En un lugar de la Mancha, y de cuyo nombre, ya antes, otro viajero ilustre no quiso recordar, se adorna el pueblo con sus caridades, su mayo y su romería de invierno.

Este pueblo, ni pequeño ni grande como lo imaginó el viajero, comienza a existir cuando hay un relato que lo hace posible a la memoria y a la fantasía, a la curiosidad y al asombro, al regreso y al destierro, porque un pueblo no puede ser entendido sin abrir los candados donde se guarda el ajuar de las pretendientes.
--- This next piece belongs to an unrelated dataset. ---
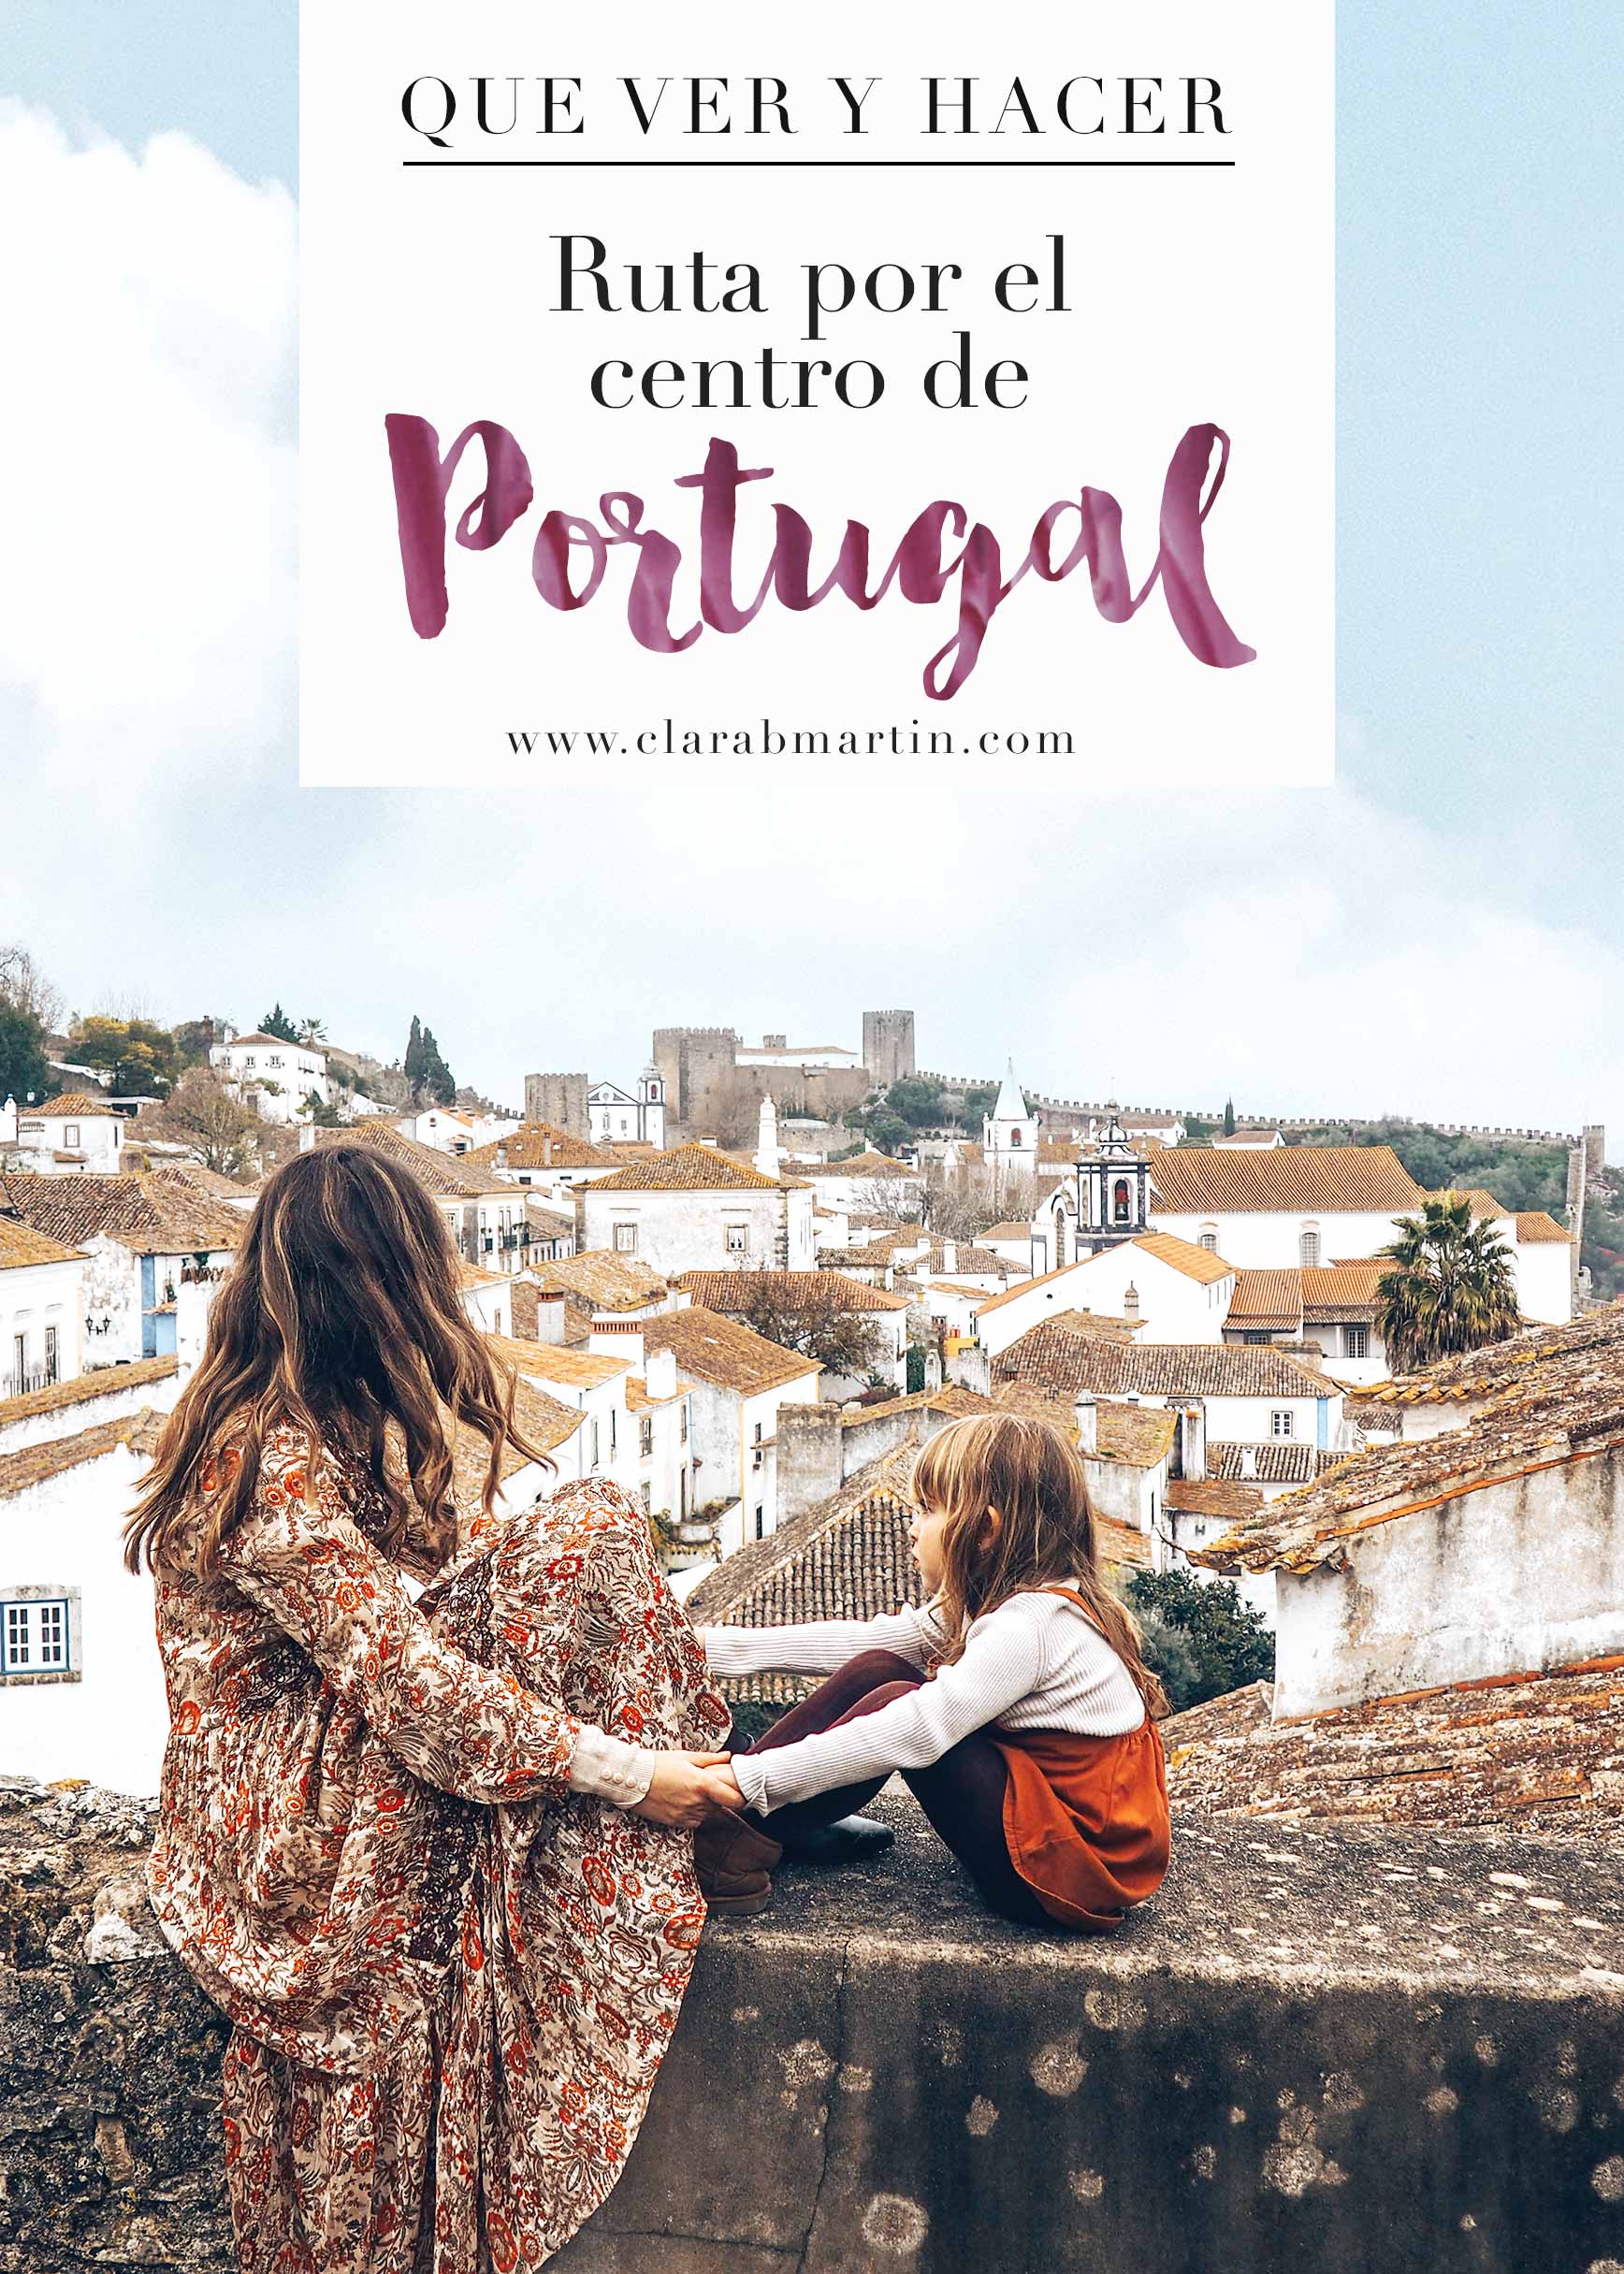 Ruta por el centro de Portugal

Hoy, el marco de la ventana por donde, apretados como vencejos, nos miran, se abre al azul de la mañana en los tejados. Las persianas están caídas cerrando el sol primerizo del verano.

Solo ellos esperan, y nos cuentan, al mismo tiempo, con los dedos de la mano quienes son.

  • ¡Somos tres hermanos¡, dice mientras sujeta con el otro brazo a la chica que, sorprendida, quiere sonreír.

Uno piensa que esta escena es parte de un cuento incompleto, que Blancanieves con su sonrisa entornada y su brazo protegiendo a Mudito, tiene al resto de los enanitos a la sombra, bañándose en el pilón de la terraza.

Solo un tiempo, ahora no cercano, los desperdigará lejos de su pueblo entre el coro infantil de una biblioteca, las cartas de una oficina de correos o los desasosiegos en la espera de una solicitud bancaria. Únicamente cuando el futuro es incierto comienza el verdadero viaje, y su regreso.

La primera vez que vine a este pueblo, apresado por un dolor de zapatos nuevos subiendo la cuesta de la ermita no sabia que tendría que regresar, veintiséis años después, con el nudo de los zapatos desatado y el corazón en cenizas.

Cada vez que me acerco, de nuevo, a las lomas de la ermita veo subir por mi cabeza, en desbandada, un tropel de ejercito y suena, todavía, una descarga del tiempo que arrasa el campo. Entonces me invaden cien años de soledad. Es tiempo de silencio.

¿Por qué vuelves a Fuente el Fresno? Y ¿cómo?: enfermo, viudo, agrio, hundido en la propia vejez para observar las laderas infinitas desde donde se divisan las tapias del cementerio, donde comeremos tierra, y donde el viento de la recogida de aceituna llegará, repetitivo, al pueblo, siempre sobre el frio y la lluvia de enero. Y de nuevo, ese viento mojara nuestra historia y la del resto de sus habitantes abocados como estamos hacia los días de soledad.

Pero entonces, ya no quedará tiempo para la infancia.